Soul Retrieval

Self-ImprovementSpirituality

  • Author Ross Heaven
  • Published August 12, 2007
  • Word count 1,865

Soul retrieval – a contemporary therapeutic practice rooted in the 50,000 year old tradition of shamanism - is attracting significant attention in the modern Western world as the holistic healthcare movement continues to gather force.

Shamans believe that we are all born with an amount of energy or power, which is enough to sustain us through life. But we can become attached to events or relationships with others (such as ex-lovers) and can give our energy away. Once this energy leaves us, it creates a ‘hole’ in our energy field which other energy can enter, which shamans call spirit intrusion. Or our own energy can continue to ‘leak away’, a situation known as soul loss.

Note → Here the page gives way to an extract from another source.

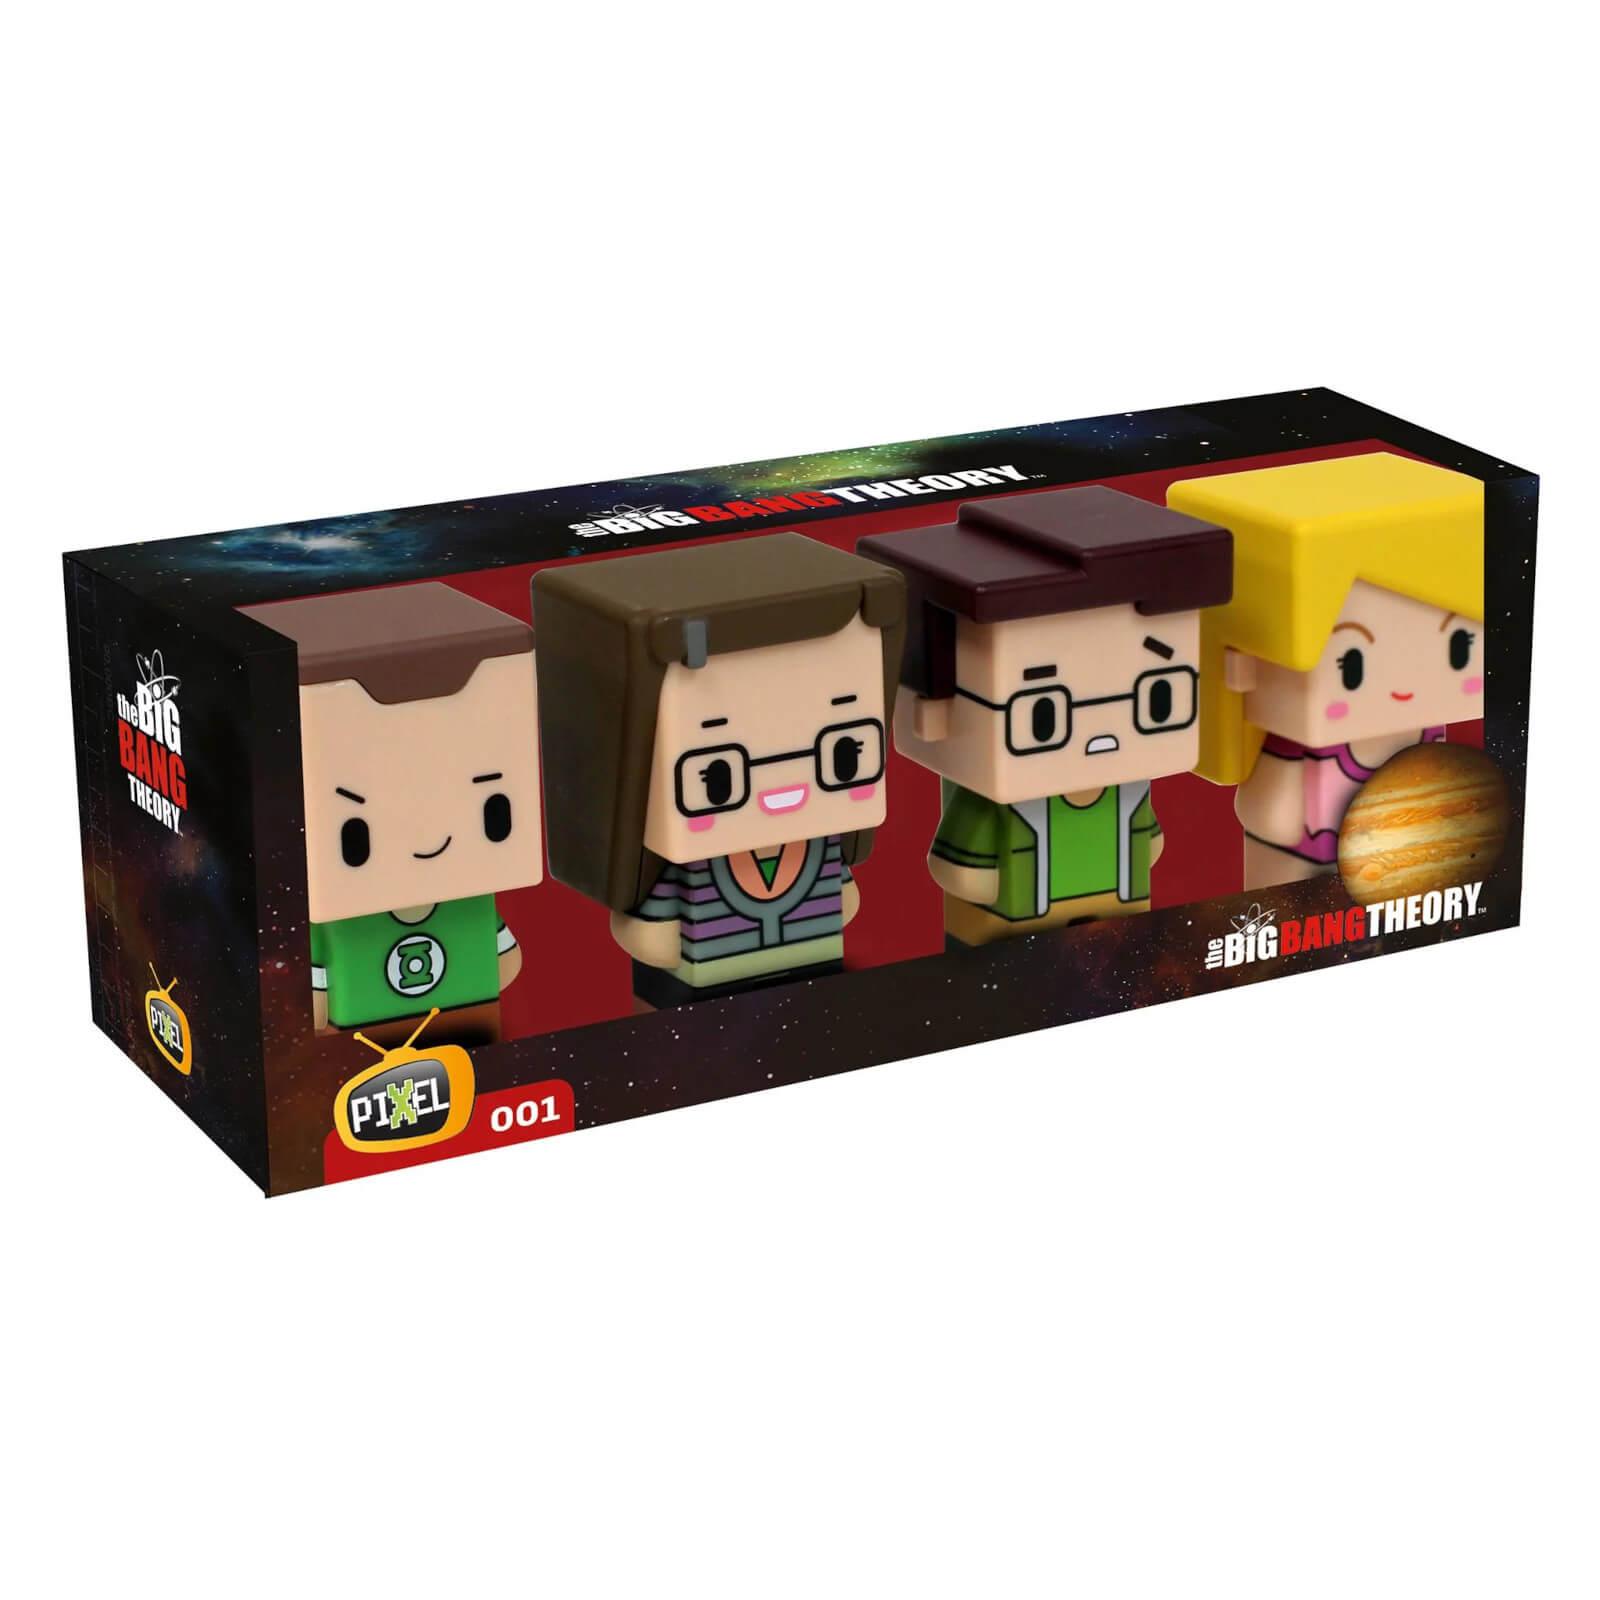 SD Toys Pixel Figure Big Bang Theory Set 4 Figures 7cm

In shamanic terms, therefore, illness comes about in two ways:

  1. The loss of our power when we give away our energy, and

  2. The entrance into our bodies of other, useless energy (shamans believe there is no such thing as ‘bad’ energy, just energy which is not helpful to us or which is in an inappropriate place)

The trick to maintain health or to recovering from illness is to recover the power (energy) we have lost. Soul retrieval is an effective way of doing this.

WHAT IT IS AND HOW IT WORKS

The practice of soul retrieval, in the last few years, has become seen by many people as a powerful alternative to psychotherapy, although shamanic healers would rather see it as an adjunct to therapy, since the approach itself is action-orientated rather than discussion-based or led by analysis.

Despite its name, soul retrieval is an intensely practical, 'down to earth', approach which produces surprisingly immediate and powerful results. It is also a very democratic procedure - everyone from high-pressured City financiers to labourers with back ache are turning to shamanic practitioners for help - this is not just a phenomenon for the therapied few looking for the latest head trip.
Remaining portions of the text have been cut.